Williams are light and flutter a lot. Syclops are significantly heavier for their size.

That said... you'll take all kinds of sh** with you and use like 4 things lmao


----------



## shall (4 mo ago)

sureshot006 said:


> Williams are light and flutter a lot. Syclops are significantly heavier for their size.
> 
> That said... you'll take all kinds of sh** with you and use like 4 things lmao


haha....sounds about right


----------



## shall (4 mo ago)

Brian027 said:


> It doesn’t hurt to get a few steel leaders too. I also bring quality spare treble hooks for spoons (size 1/0 and size 2/0). I sharpen hooks often and replace when they loose the point. Sharp hooks = more fish landed. And really big pike can bend out a hook. If you’re going with an outfitter or lodge, ask for a pike net for the boat. If you have to bring your own, ask for one for Christmas


Do you have a specific brand that you use for quality snaps and swivels? I usually buy premade stuff, but I'll do my own leaders for this.


----------



## Brian027 (Mar 1, 2016)

I like a cross lock snap that doubles back over both sides of the snap to close.


----------



## shall (4 mo ago)

Brian027 said:


> I like a cross lock snap that doubles back over both sides of the snap to close.
> View attachment 856080


Cool...thanks again....appreciate it!


----------



## sureshot006 (Sep 8, 2010)

Brian027 said:


> I like a cross lock snap that doubles back over both sides of the snap to close.
> View attachment 856080


Have you tried Stay-lok? They're a bit wider due to the loop, but the loop would also catch if it somehow came undone. I've used both with no issues but have stuck with these for my expensive musky lures.


----------



## sureshot006 (Sep 8, 2010)

May want to check out www.muskyshop.com or www.muskytackleonline.com 

They have quality components for toothy fish. Might be able to find the components cheaper but they're good places to shorten the list of options.


----------



## Brian027 (Mar 1, 2016)

I have not, but I think I’ll be placing and order. They look pretty strong. Thanks for the tip.


----------



## rector piscator (Jun 12, 2008)

PM sent


----------



## TK81 (Mar 28, 2009)

shall said:


> 50# did seem like a lot....I don't have the Williams spoons (though it looks like I need to get some), but I have some Mepps Syclops the seem similar





sureshot006 said:


> Williams are light and flutter a lot. Syclops are significantly heavier for their size.

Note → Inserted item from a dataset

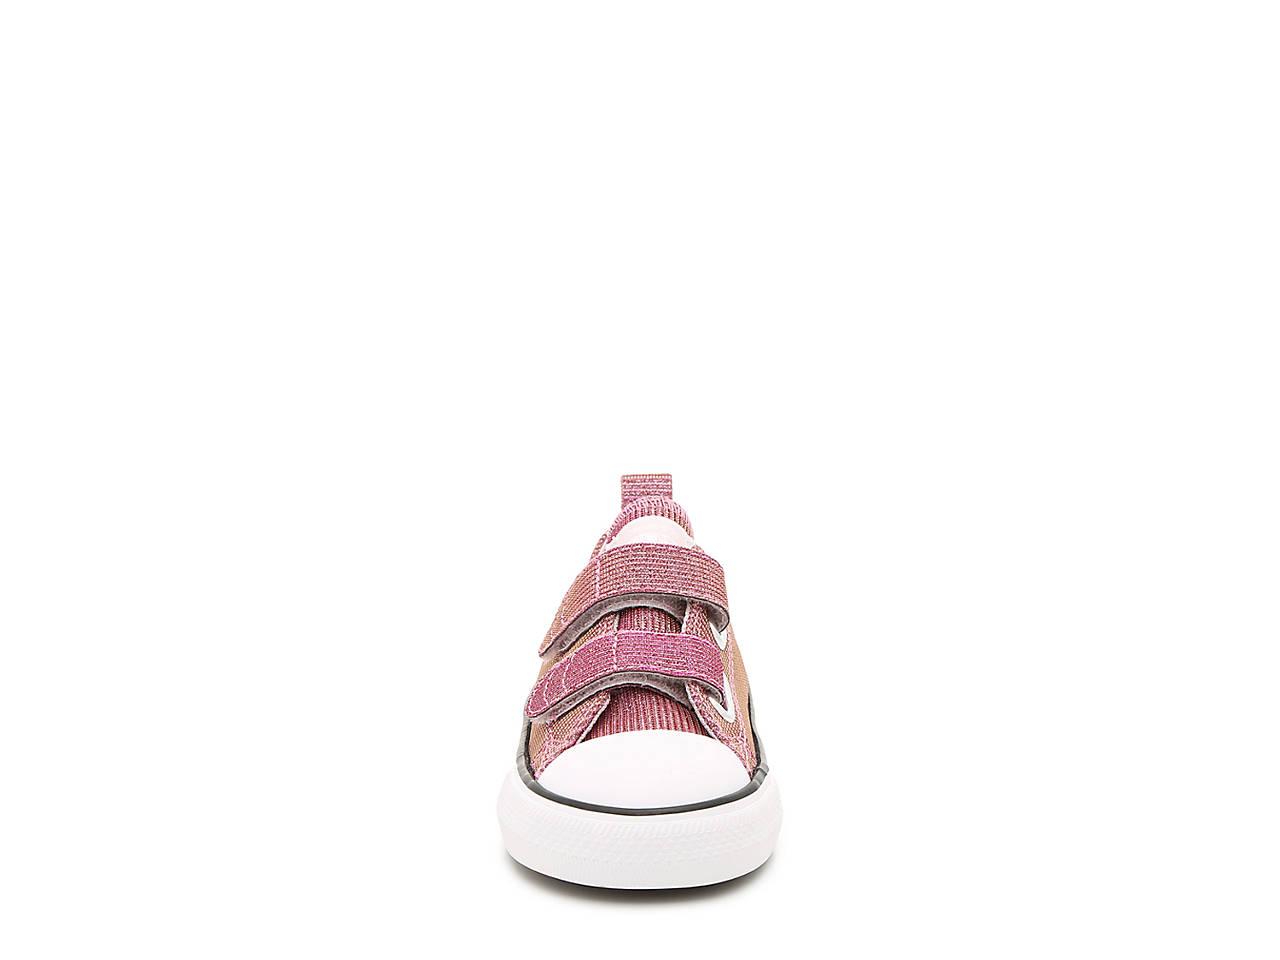 Converse Chuck Taylor All Star Space Star Sneaker Kids

I can vouch for Syclops #5 in Gold and in Fire Tiger. Casts great and good hooks. It's all I use when chasing pike up there. Walleyes like them too.


----------



## Northernfisher (Jul 29, 2010)

I know nothing about pike fishing so take anything I say with a grain of salt. You might want to think about taking some #5 Mepps spinners.

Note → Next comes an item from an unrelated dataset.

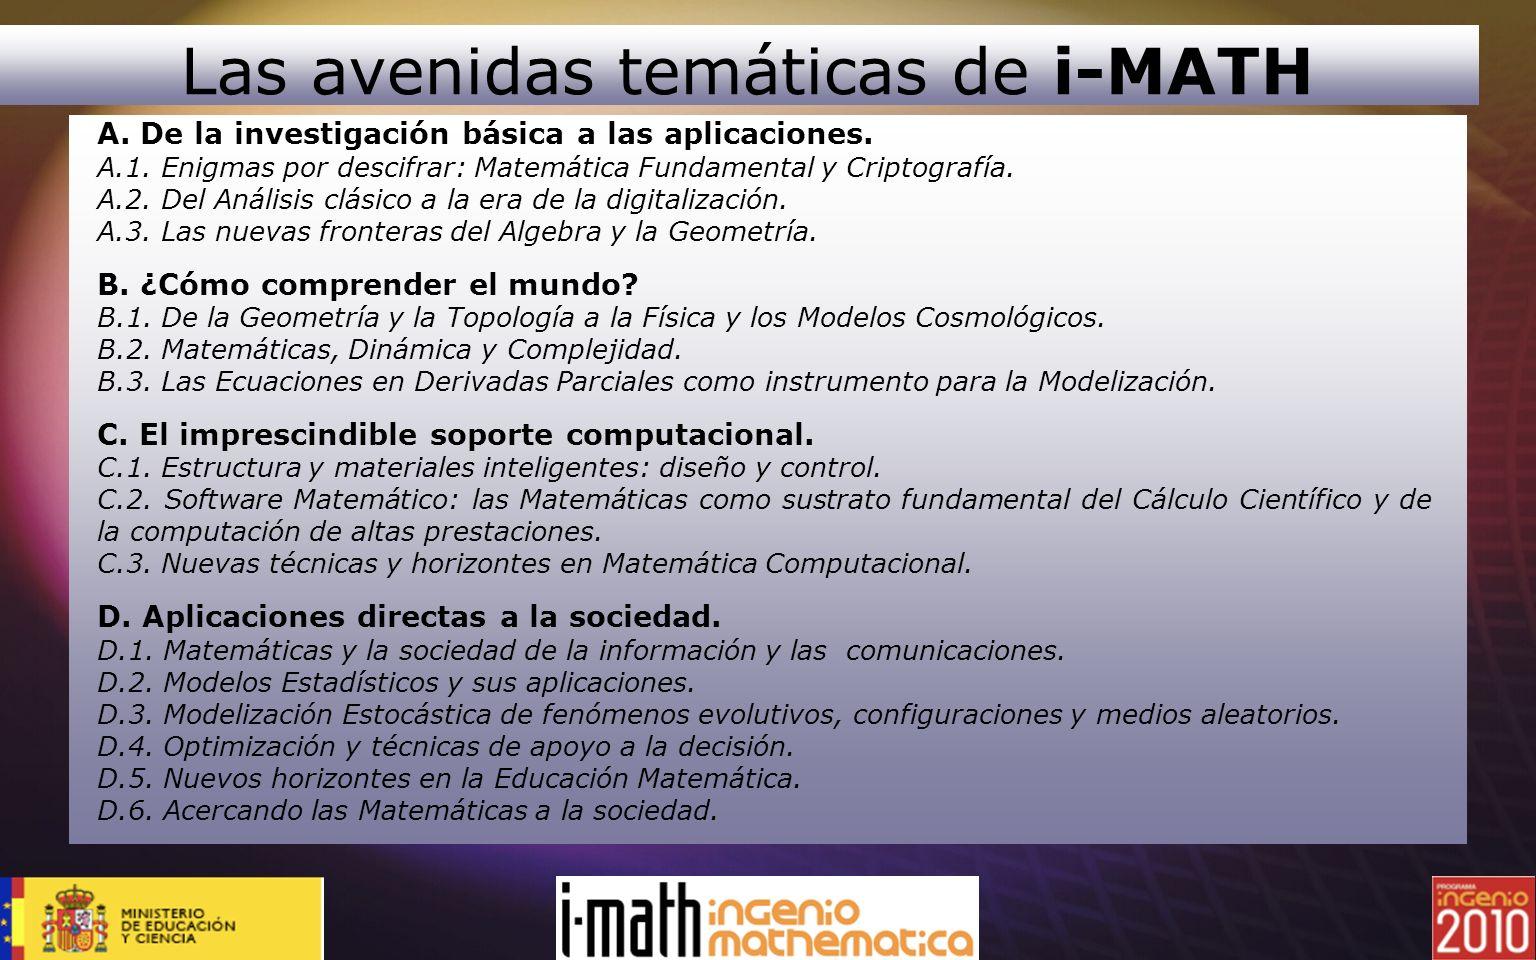 Las avenidas temáticas de i-MATH

If you want to get your heart racing, take some top waters. (Zara spook)


Edit
30 pound braid and fluoro should be fine. If you want go to higher fluoro. Just make sure you check it after every fish (boated or not)

lighter drag, you can palm your reel if you have to.


----------



## sureshot006 (Sep 8, 2010)

Northernfisher said:


> I know nothing about pike fishing so take anything I say with a grain of salt. You might want to think about taking some #3 Mepps spinners.
> 
> If you want to get your heart racing, take some top waters. (Zara spook)

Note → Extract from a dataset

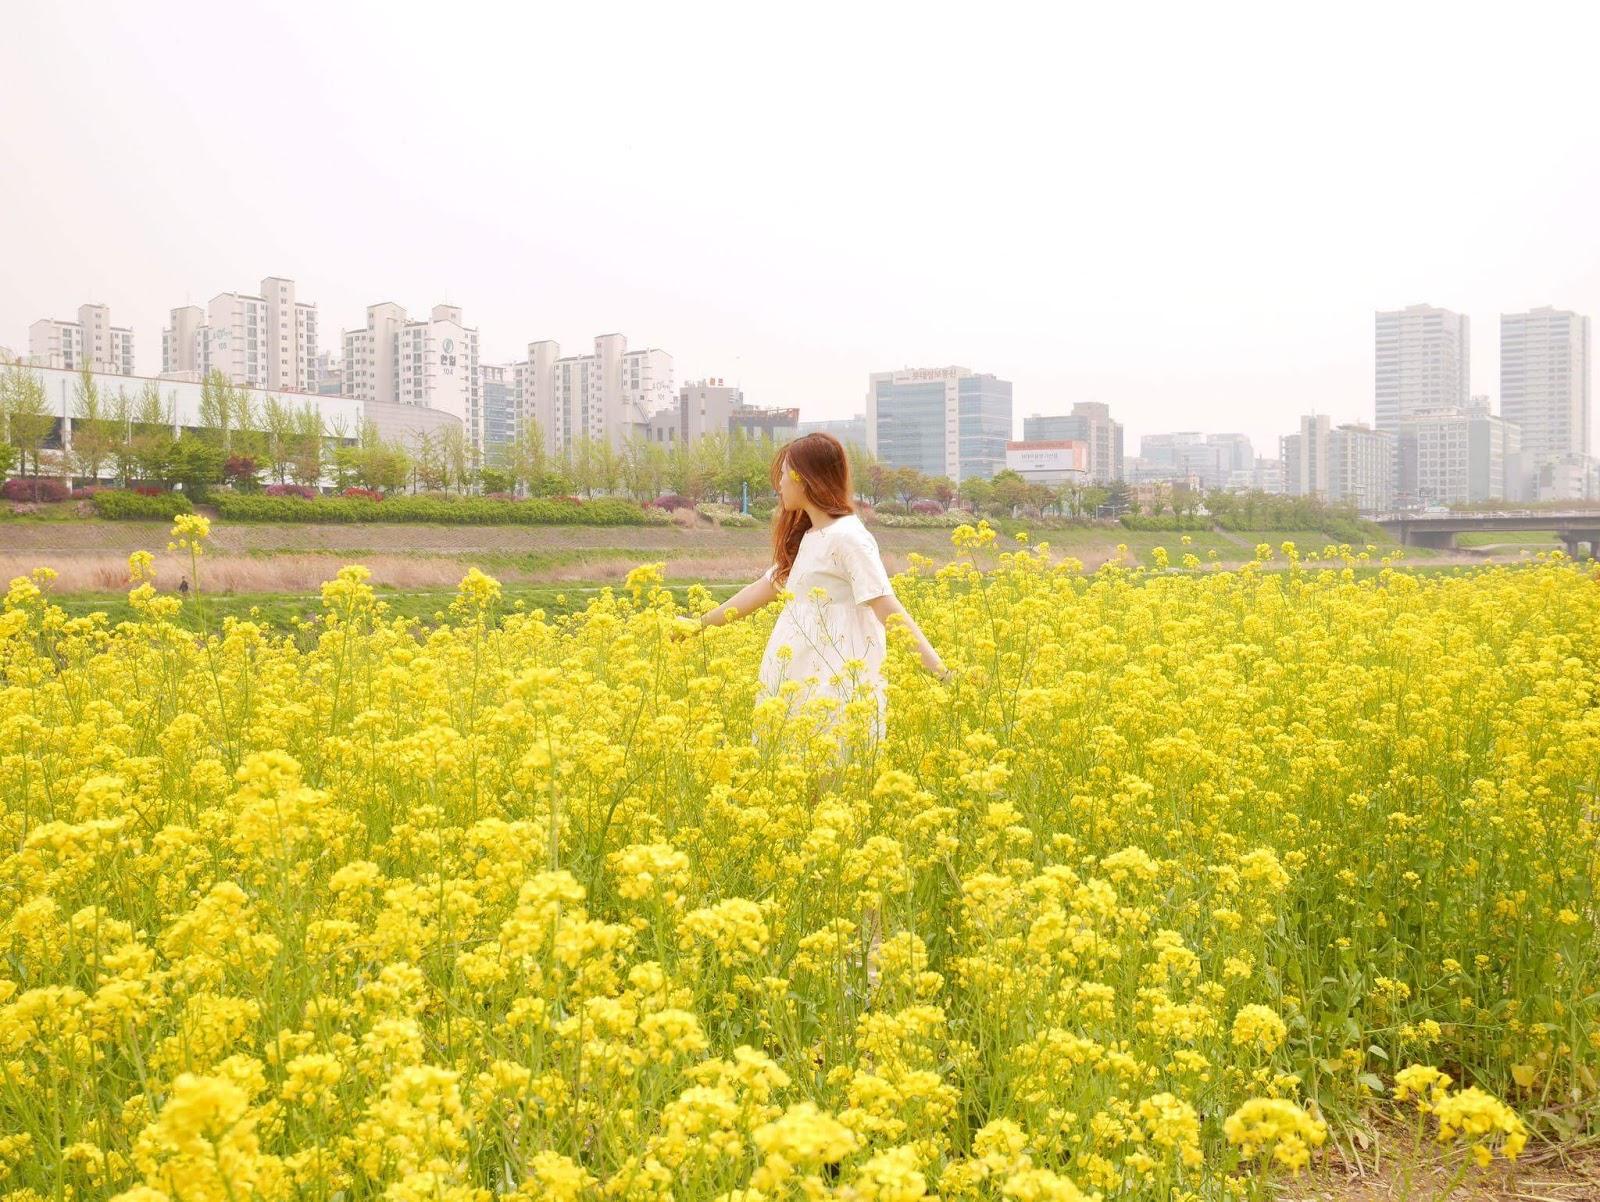 EAT.TRAVEL.REPEAT: [KOREA] CANOLA FIELD, GURO

#5 mepps are better IMO. That is if you anticipate encountering larger than hammer handles.


----------



## Northernfisher (Jul 29, 2010)

sureshot006 said:


> #5 mepps are better IMO. That is if you anticipate encountering larger than hammer handles.



My best day was 70 pike before lunch, all on the same number 3 mepps. My biggest on a #3 mepps is 42" (twice)

Edit. Correction. Number 5 mepps. Thanks @sureshot006


----------



## Northernfisher (Jul 29, 2010)

Northernfisher said:


> My best day was 70 pike before lunch, all on the same number 3 mepps. My biggest on a #3 mepps is 42" (twice)



I stand corrected. You are right. #5 mepps.









Pike gear suggestions


I am planning a trip the end of July to Saskatchewan to target pike. My goals are: A 36 " + on a fly rod. A 40 " + on any gear. Fly rod would be a supper bonus. To have a blast for four days, and fish my heart out. Do any of you have any gear suggestions? I will take my 9 foot ten...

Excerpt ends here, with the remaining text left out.